Rat Endometrial Epithelial Cells are primary cells isolated from the epithelial layer of the rat uterus. The endometrium is the inner lining of the uterus that undergoes cyclical changes in structure and function during the reproductive cycle. Endometrial epithelial cells line the luminal and glandular surfaces of the endometrium and are essential for creating a receptive uterine environment for embryo implantation, supporting early pregnancy, and maintaining uterine homeostasis. In vitro, Rat Endometrial Epithelial Cells exhibit epithelial cell morphology, including a polarized cobblestone appearance and the ability to form tight junctions that contribute to barrier function. These cells express epithelial markers and hormone-responsive receptors, such as estrogen and progesterone receptors, reflecting their responsiveness to cyclic hormonal regulation. They can modulate embryo-uterine communication and influence the local immune environment through regulated secretion of cytokines, growth factors, and extracellular matrix components.

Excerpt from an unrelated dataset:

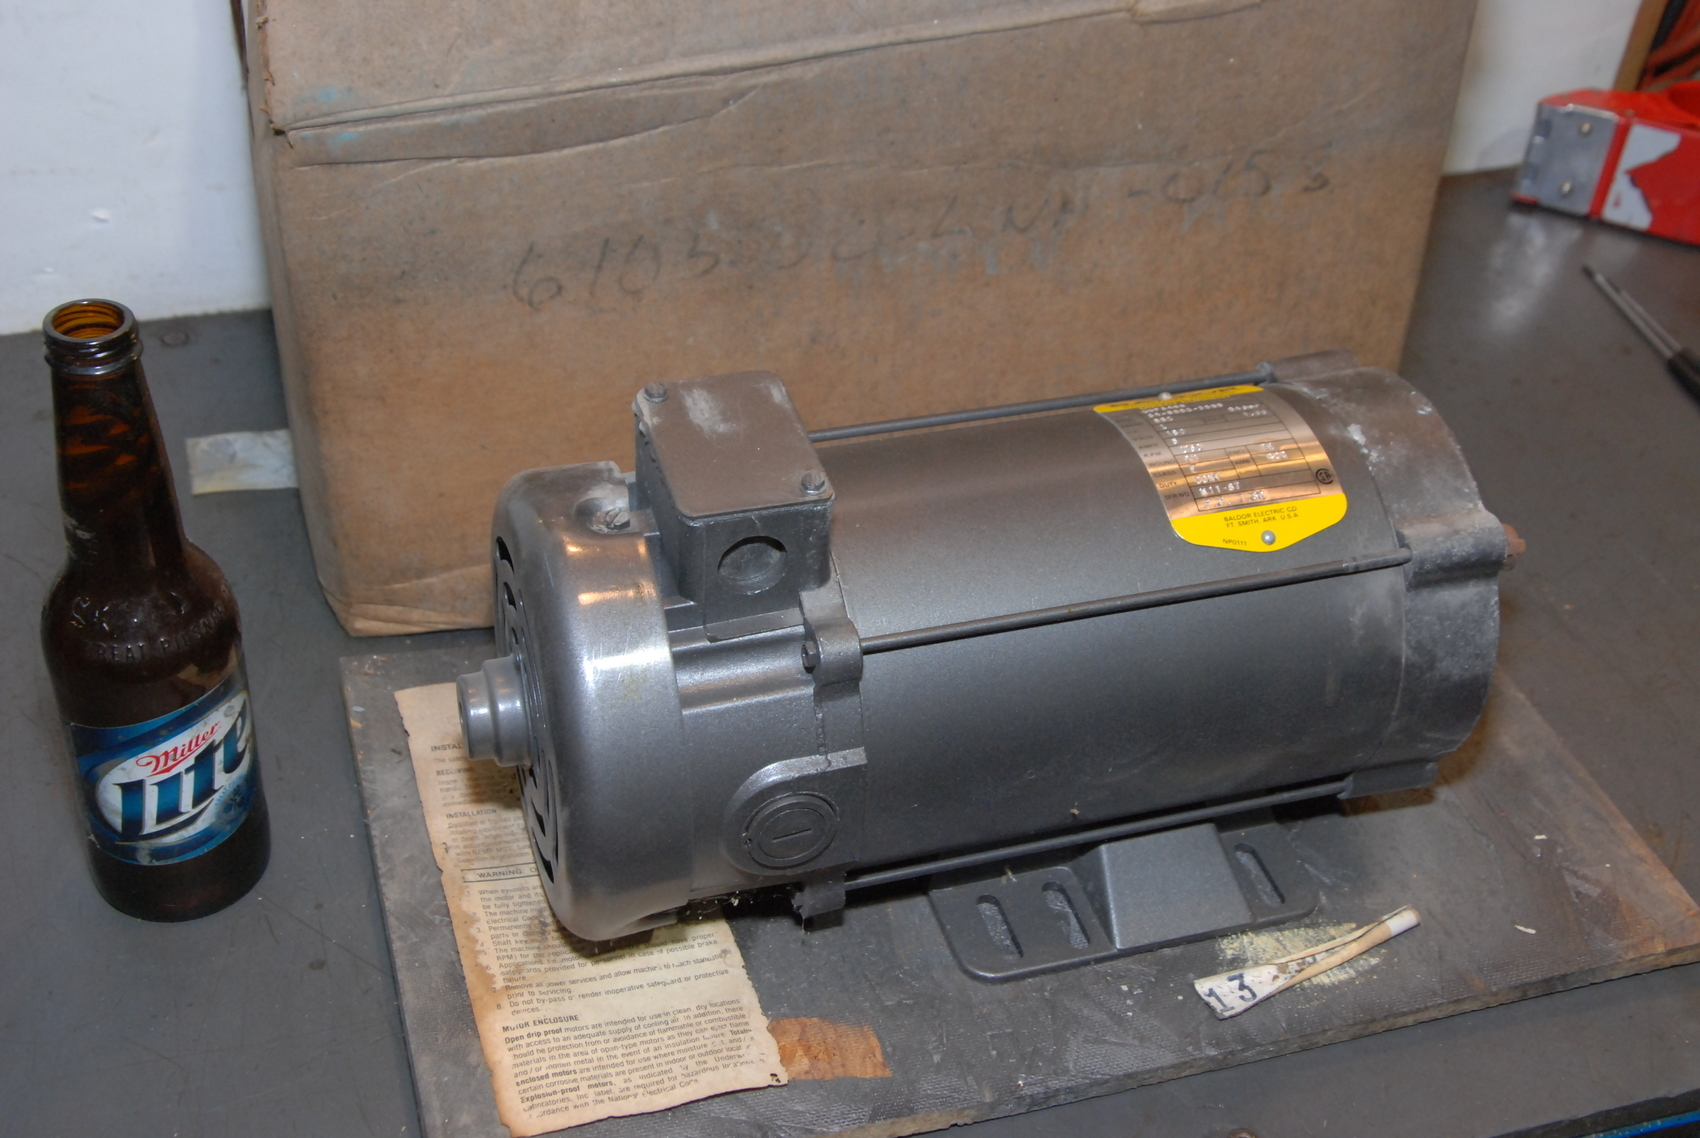 NEW Baldor industrial motor CDP3455,1hp,1750 rpm,180V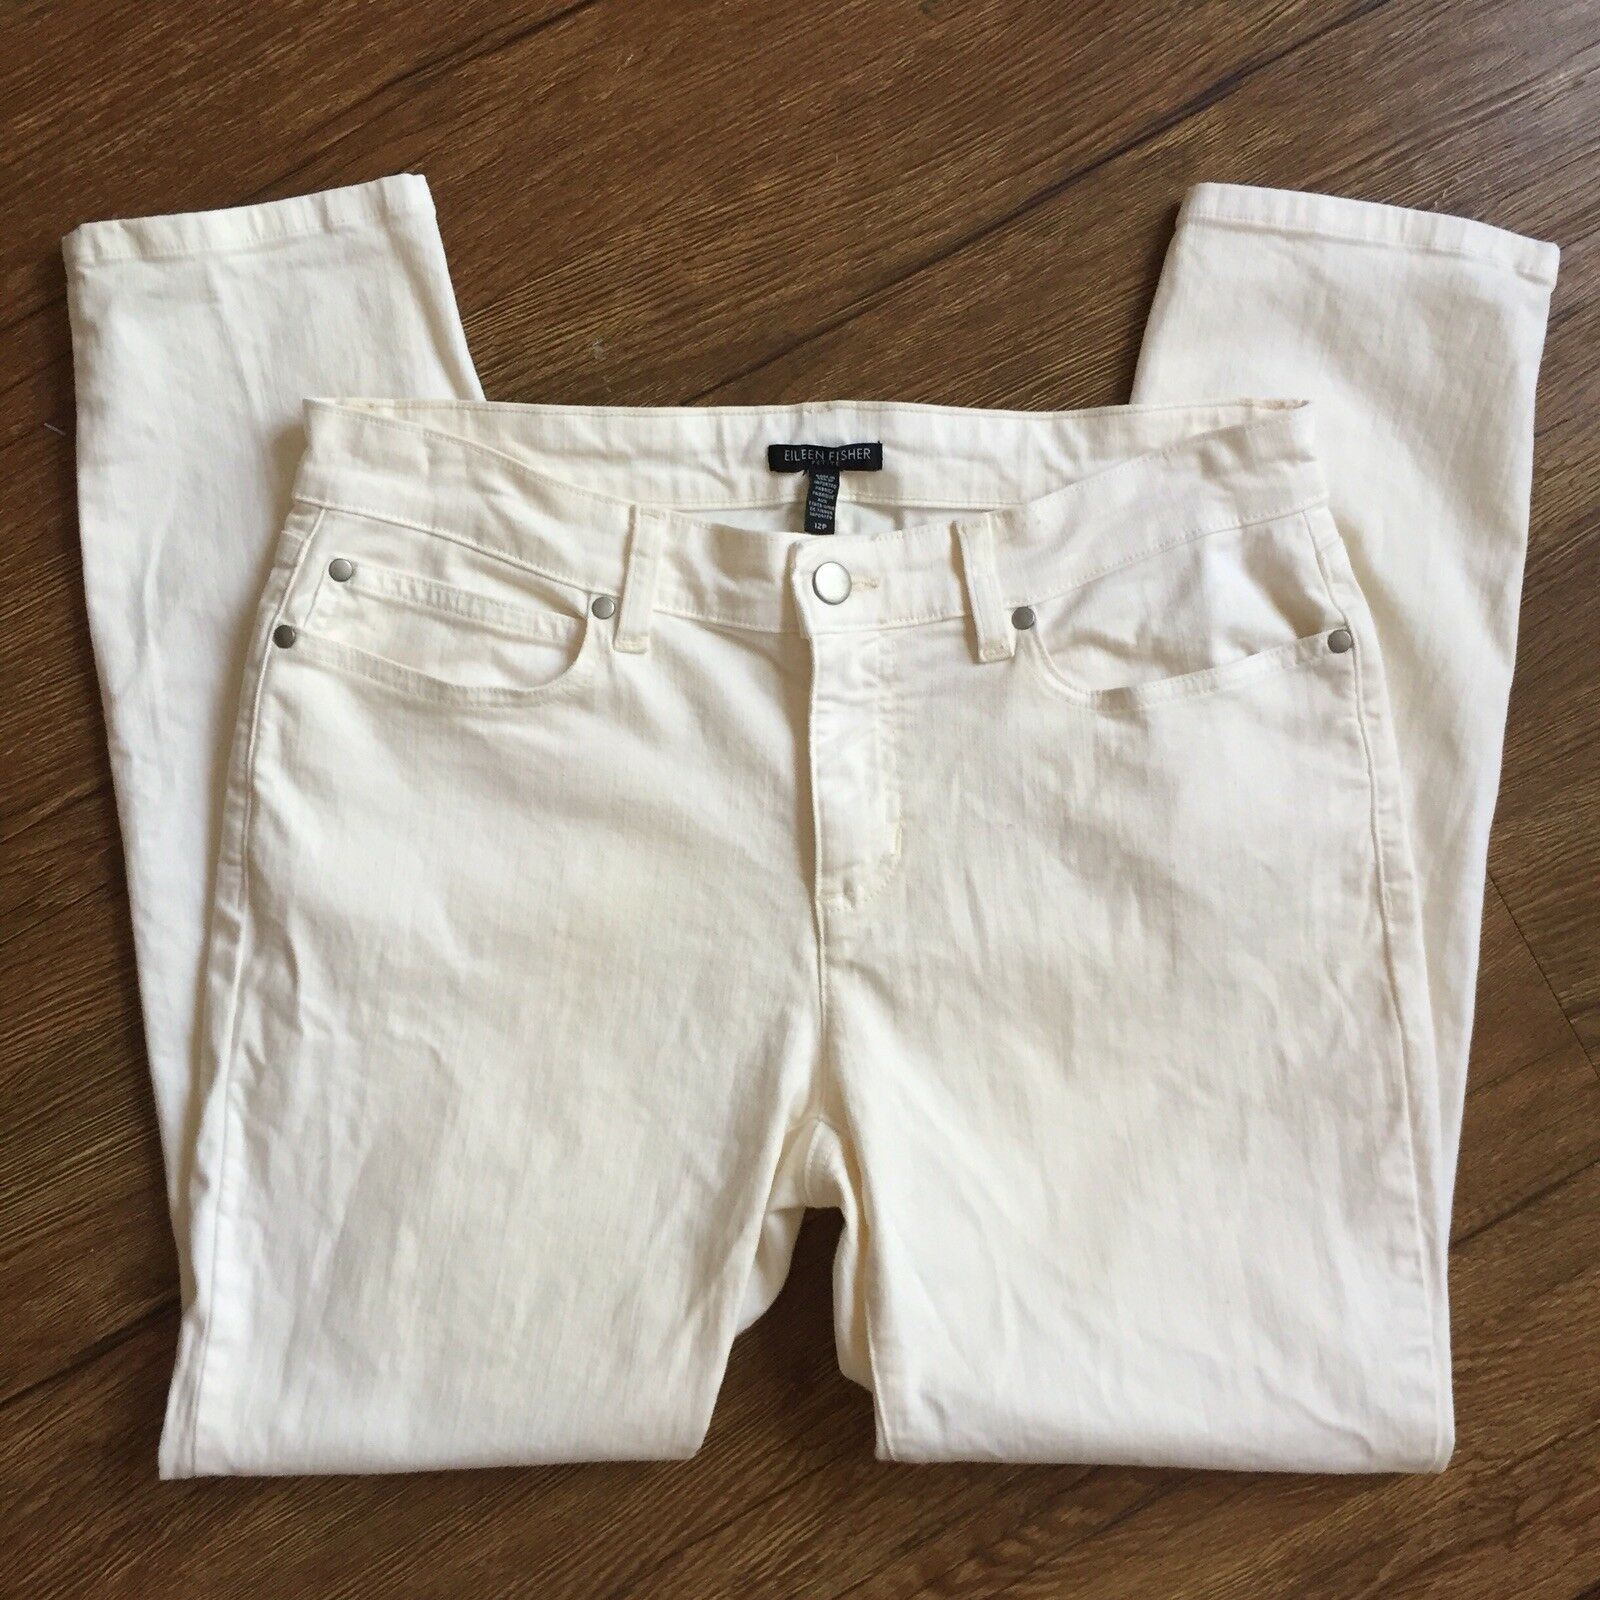 Eileen Fisher Womens White Jeans Skinny Slim Petite Size 12 P

Research utilizes Rat Endometrial Epithelial Cells to explore multiple dimensions of endometrial physiology and pathology which include hormonal signaling, uterine receptivity, and epithelial remodeling. These cells provide a model for investigating the mechanisms underlying implantation failure, endometrial inflammation, fibrosis, and reproductive toxicity. They are also employed in toxicological and pharmacological studies to assess the impact of drugs, endocrine-disrupting chemicals, and environmental factors on uterine epithelial function.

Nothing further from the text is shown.